The U.S. diplomatic cables reveal how the US seeks dirt on nations opposed to its approach to tackling global warming; how financial and other aid is used by countries to gain political backing; how distrust, broken promises and creative accounting dog negotiations; and how the US mounted a secret global diplomatic offensive to overwhelm opposition to the controversial “Copenhagen accord”, the unofficial document that emerged from the ruins of the Copenhagen climate change summit in 2009.
Negotiating a climate treaty is a high-stakes game, not just because of the danger warming poses to civilisation but also because re-engineering the global economy to a low-carbon model will see the flow of billions of dollars redirected.
Seeking negotiating chips, the U.S. state department sent a secret cable on 31 July 2009 seeking human intelligence from U.N. diplomats. The request originated with the CIA. As well as countries’ negotiating positions for Copenhagen, diplomats were asked to provide evidence of U.N. environmental “treaty circumvention” and deals between nations.

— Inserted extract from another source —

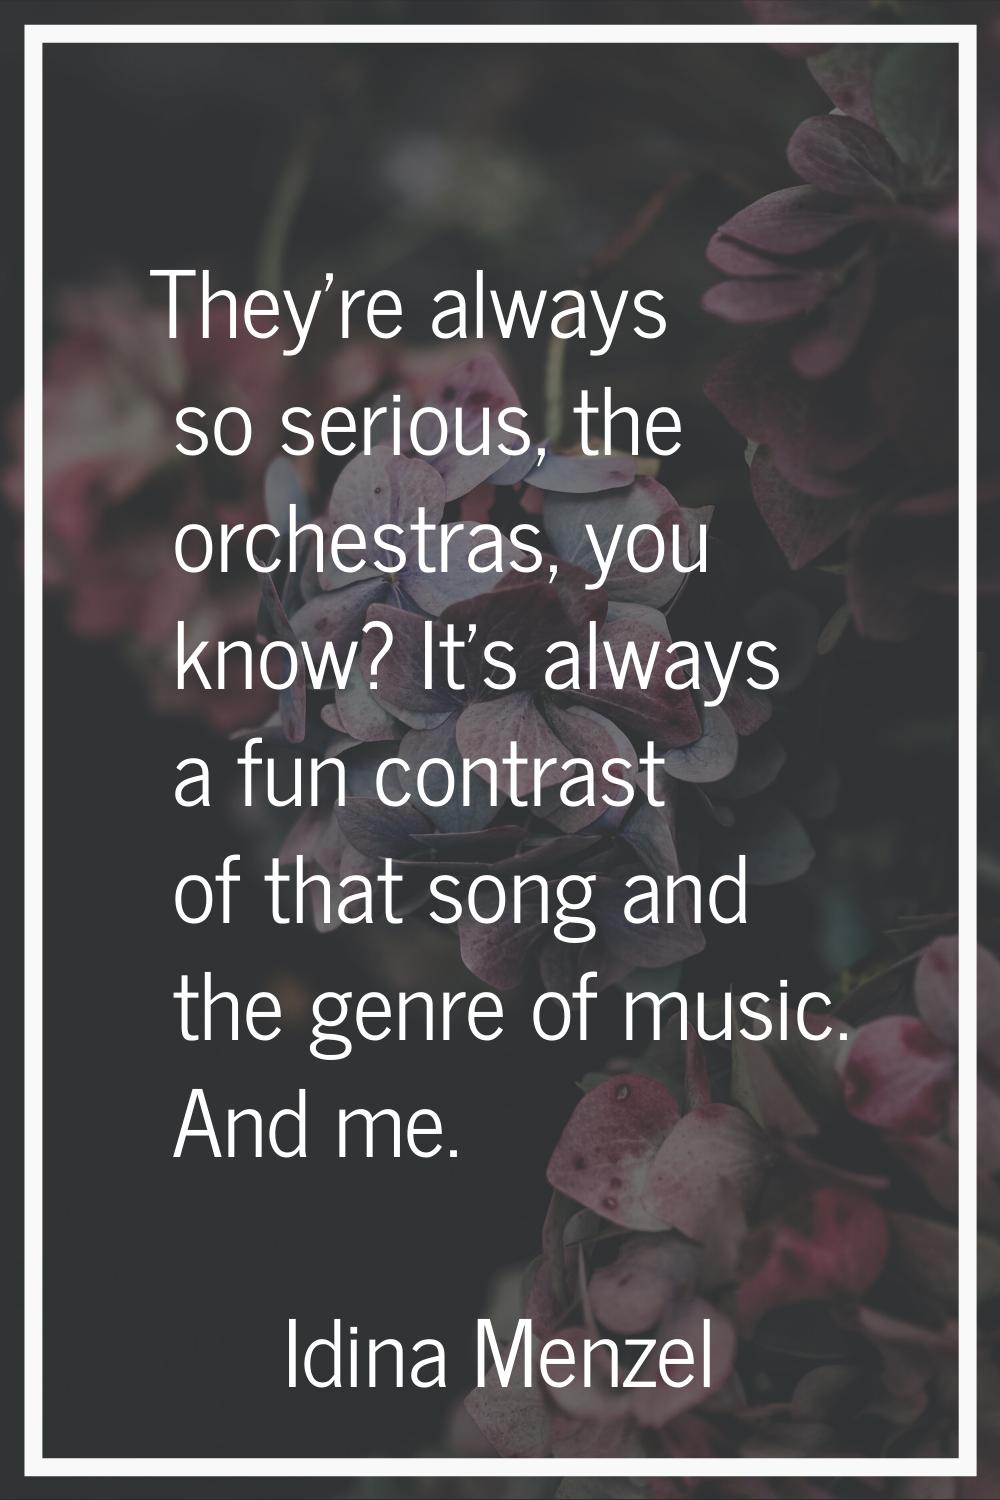 They're always so serious, the orchestras, you know? It's always a fun contrast of that song and th

But intelligence gathering was not just one way. On 19 June 2009, the state department sent a cable detailing a “spear phishing” attack on the office of the U.S. climate change envoy, Todd Stern, while talks with China on emissions took place in Beijing. Five people received emails, personalised to look as though they came from the National Journal. An attached file contained malicious code that would give complete control of the recipient’s computer to a hacker. While the attack was unsuccessful, the department’s cyber threat analysis division noted: “It is probable intrusion attempts such as this will persist.” The Beijing talks failed to lead to a global deal at Copenhagen. But the U.S., had something to cling to. The Copenhagen accord, hammered out in the dying hours but not adopted into the U.N. process, offered to solve many U.S. problems.

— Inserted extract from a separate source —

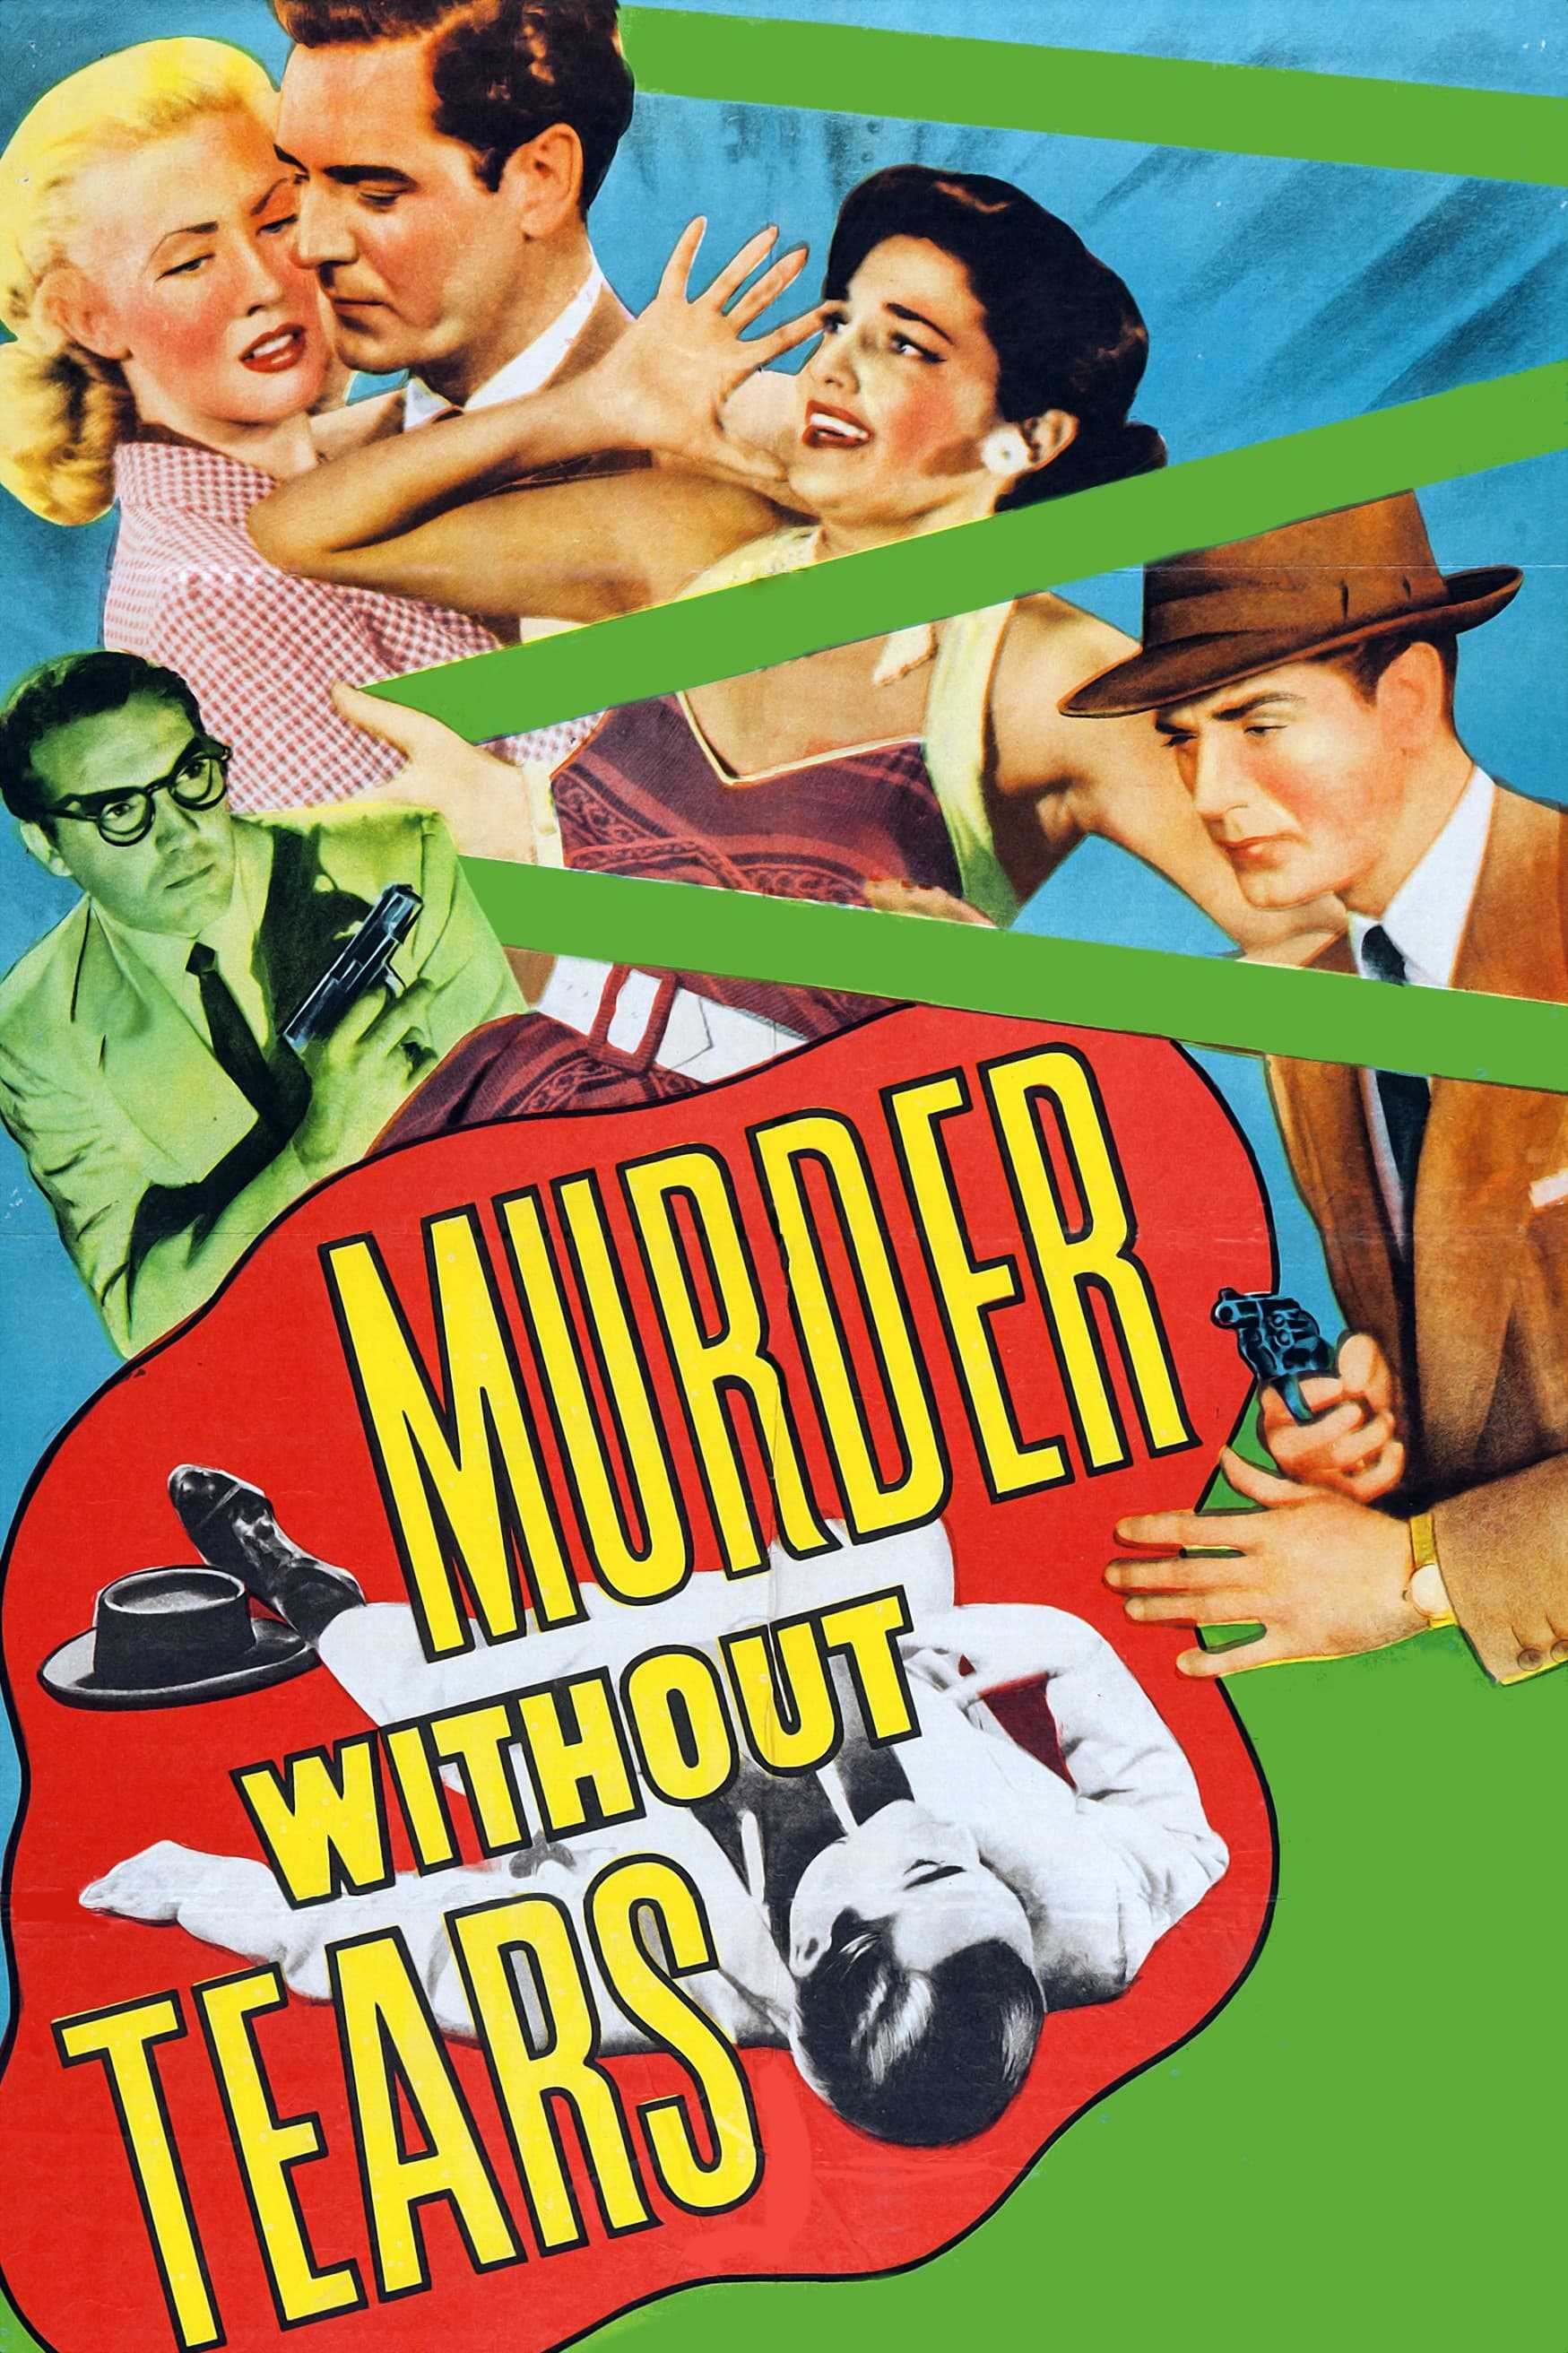 Murder Without Tears (1953)

The accord turns the U.N.’s top-down, unanimous approach upside down, with each nation choosing palatable targets for greenhouse gas cuts. It presents a far easier way to bind in China and other rapidly growing countries than the U.N. process. But the accord cannot guarantee the global greenhouse gas cuts needed to avoid dangerous warming.
Weaker nations bribed into backing the accord
Getting as many countries as possible to associate themselves with the accord strongly served U.S. interests, by boosting the likelihood it would be officially adopted. A global diplomatic offensive was launched with officials from Accra to Zagreb, by way of Kathmandu and Lima, given a briefing to deliver. Diplomatic cables flew thick and fast between the end of Copenhagen in December 2009 and late February 2010, when the leaked cables end.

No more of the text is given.